The majority fosters confusion in its analysis with its 3
statement that in pre-trial proceedings "Scott's automatic stay of involuntary medication orders pending appeal is unsound in principle and unworkable in practice" and its accompanying citation to Johnson Controls, Inc. v. Employers Insurance of Wausau, 2003 WI 108, ¶99, 264 Wis. 2d 60, 665 N.W.2d 257. Majority op., ¶36. Johnson Controls presents the framework for when this court should depart from stare decisis by overruling past precedents. See Johnson Controls, Inc., 264 Wis. 2d 60, ¶¶94-100. I question whether this analysis has any application to the present case——the majority does not overrule Scott nor does any party advocate for such a result.
5 No. 2020AP298-CR.awb
¶69 I acknowledge that the State's interests in bringing a
defendant to competency may vary based on the procedural posture
of a case. But the defendant's liberty interest in avoiding
unwanted medication is a constant. As Green argues, such an
interest "would be rendered just as much a nullity without an
automatic stay pre-trial as it would postconviction." In either
situation, when the defendant is forcibly medicated, the damage is
done. See United States v.
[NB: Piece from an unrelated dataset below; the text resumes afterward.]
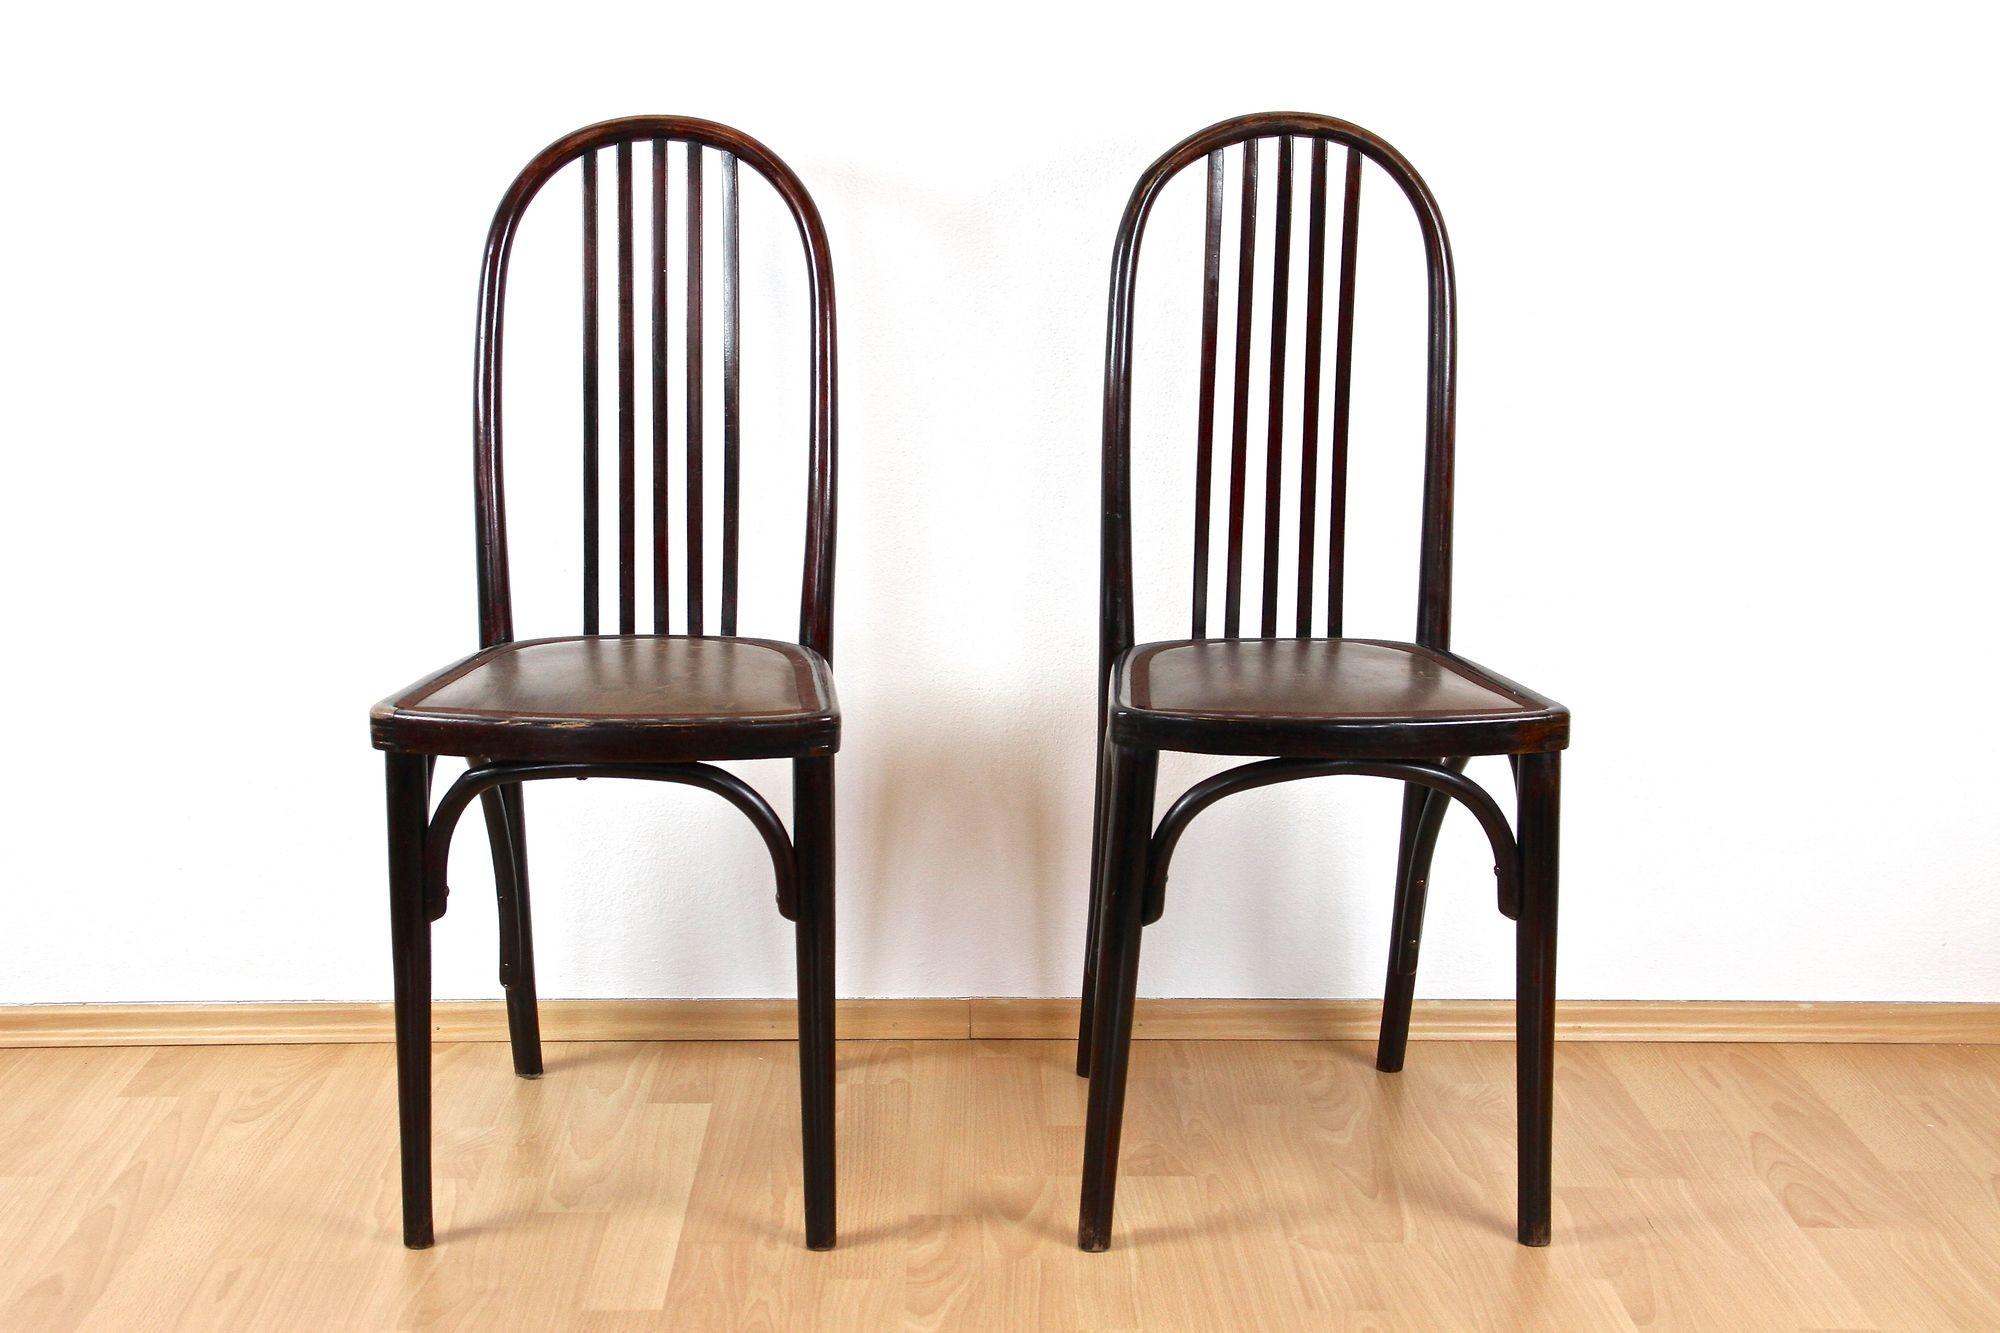 Très rare paire de la première édition ( !) de chaises en bois courbé de Thonet du début du 20e siècle, produites par Thonet en Bohemia. Conçue vers 1906 par Josef Hoffmann, architecte autrichien de renommée mondiale et fondateur de la

Williams, 356 F.3d 1045, 1055 (9th
Cir. 2004) (referring to an "order compelling a person to take
antipsychotic medication" as "an especially grave infringement of
liberty").
¶70 While removing the automatic stay pre-trial has a
drastic effect on the interests of the defendant, leaving it in
place would have little effect on those of the State. Indeed,
under Scott the State retains the ability to move to lift the stay,
which it can do in short order. Scott, 382 Wis. 2d 476, ¶45.
¶71 The majority correctly identifies the State's interest
in bringing a defendant to trial and achieving timely justice on behalf of the victims. Majority op., ¶¶31, 35. These are of
course strong interests. However, in the name of these interests
the majority tramples a defendant's constitutional rights rooted
in bodily autonomy.
¶72 Once a defendant is forcibly medicated, it is impossible
to undo such an intrusion. We should be mindful to avoid ringing
a bell that cannot be unrung, especially where there exists a
process to lift the stay in the case where the State's interests are as weighty as the majority claims.
6 No. 2020AP298-CR.awb
¶73 For the foregoing reasons, I respectfully concur in part
and dissent in part.
¶74 I am authorized to state that Justices REBECCA FRANK
DALLET and JILL J. KAROFSKY join this separate writing.